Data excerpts
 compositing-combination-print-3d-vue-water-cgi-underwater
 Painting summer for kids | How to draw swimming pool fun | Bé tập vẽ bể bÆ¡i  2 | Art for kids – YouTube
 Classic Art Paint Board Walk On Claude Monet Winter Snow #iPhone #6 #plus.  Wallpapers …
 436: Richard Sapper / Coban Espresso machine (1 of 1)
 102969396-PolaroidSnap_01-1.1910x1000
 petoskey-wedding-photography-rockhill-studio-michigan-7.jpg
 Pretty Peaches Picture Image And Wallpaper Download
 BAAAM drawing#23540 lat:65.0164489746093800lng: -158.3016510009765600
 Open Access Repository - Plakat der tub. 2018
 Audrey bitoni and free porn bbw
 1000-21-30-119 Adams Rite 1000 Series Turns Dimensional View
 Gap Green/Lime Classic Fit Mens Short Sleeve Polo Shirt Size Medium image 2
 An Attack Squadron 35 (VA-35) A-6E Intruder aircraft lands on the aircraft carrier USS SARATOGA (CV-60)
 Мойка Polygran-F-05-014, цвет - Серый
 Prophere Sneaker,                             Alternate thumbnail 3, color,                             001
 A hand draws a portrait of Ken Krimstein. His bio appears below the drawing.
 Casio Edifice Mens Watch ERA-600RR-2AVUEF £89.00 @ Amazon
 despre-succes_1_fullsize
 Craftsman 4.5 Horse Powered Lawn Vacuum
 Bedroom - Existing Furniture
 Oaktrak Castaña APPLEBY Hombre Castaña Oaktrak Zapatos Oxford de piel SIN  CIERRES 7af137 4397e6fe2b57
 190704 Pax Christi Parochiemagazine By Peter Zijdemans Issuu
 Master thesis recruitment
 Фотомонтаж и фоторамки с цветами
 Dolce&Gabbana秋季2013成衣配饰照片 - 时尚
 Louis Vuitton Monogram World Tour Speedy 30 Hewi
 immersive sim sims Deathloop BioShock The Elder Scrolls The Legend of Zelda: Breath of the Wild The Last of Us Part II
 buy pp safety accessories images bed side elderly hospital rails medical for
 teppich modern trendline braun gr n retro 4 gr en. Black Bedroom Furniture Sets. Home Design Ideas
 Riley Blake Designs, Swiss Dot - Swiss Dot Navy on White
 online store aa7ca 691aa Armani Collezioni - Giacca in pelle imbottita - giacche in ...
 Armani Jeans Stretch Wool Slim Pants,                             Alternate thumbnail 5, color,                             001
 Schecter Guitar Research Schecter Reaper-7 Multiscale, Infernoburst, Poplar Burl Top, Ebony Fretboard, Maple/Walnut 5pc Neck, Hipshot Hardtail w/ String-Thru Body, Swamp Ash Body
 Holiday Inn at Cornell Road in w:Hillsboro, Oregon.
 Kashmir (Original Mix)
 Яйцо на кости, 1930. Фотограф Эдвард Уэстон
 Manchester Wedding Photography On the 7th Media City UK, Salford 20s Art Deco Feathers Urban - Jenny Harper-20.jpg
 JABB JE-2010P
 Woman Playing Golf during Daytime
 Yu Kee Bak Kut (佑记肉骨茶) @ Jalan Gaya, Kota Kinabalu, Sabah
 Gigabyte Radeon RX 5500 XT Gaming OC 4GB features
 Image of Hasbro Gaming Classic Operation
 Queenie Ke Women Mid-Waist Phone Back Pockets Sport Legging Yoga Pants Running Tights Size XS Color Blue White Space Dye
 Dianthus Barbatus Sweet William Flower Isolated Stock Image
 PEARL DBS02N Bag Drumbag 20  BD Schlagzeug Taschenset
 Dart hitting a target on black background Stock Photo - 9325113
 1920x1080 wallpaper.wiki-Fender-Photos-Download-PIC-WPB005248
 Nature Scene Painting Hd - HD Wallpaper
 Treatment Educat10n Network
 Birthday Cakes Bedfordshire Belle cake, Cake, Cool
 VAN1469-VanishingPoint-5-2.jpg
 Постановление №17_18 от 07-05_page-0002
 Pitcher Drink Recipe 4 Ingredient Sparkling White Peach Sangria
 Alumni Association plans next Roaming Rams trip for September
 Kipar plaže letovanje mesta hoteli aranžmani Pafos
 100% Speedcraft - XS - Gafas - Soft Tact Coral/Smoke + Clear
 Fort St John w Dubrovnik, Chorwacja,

- _WHAT THE TASK ASKS_
Each line from the top of the records down to the one with "436: Richard Sapper" must be retyped exactly; include both ends and nothing else.

- _YOUR SOLUTION_
 compositing-combination-print-3d-vue-water-cgi-underwater
 Painting summer for kids | How to draw swimming pool fun | Bé tập vẽ bể bÆ¡i  2 | Art for kids – YouTube
 Classic Art Paint Board Walk On Claude Monet Winter Snow #iPhone #6 #plus.  Wallpapers …
 436: Richard Sapper / Coban Espresso machine (1 of 1)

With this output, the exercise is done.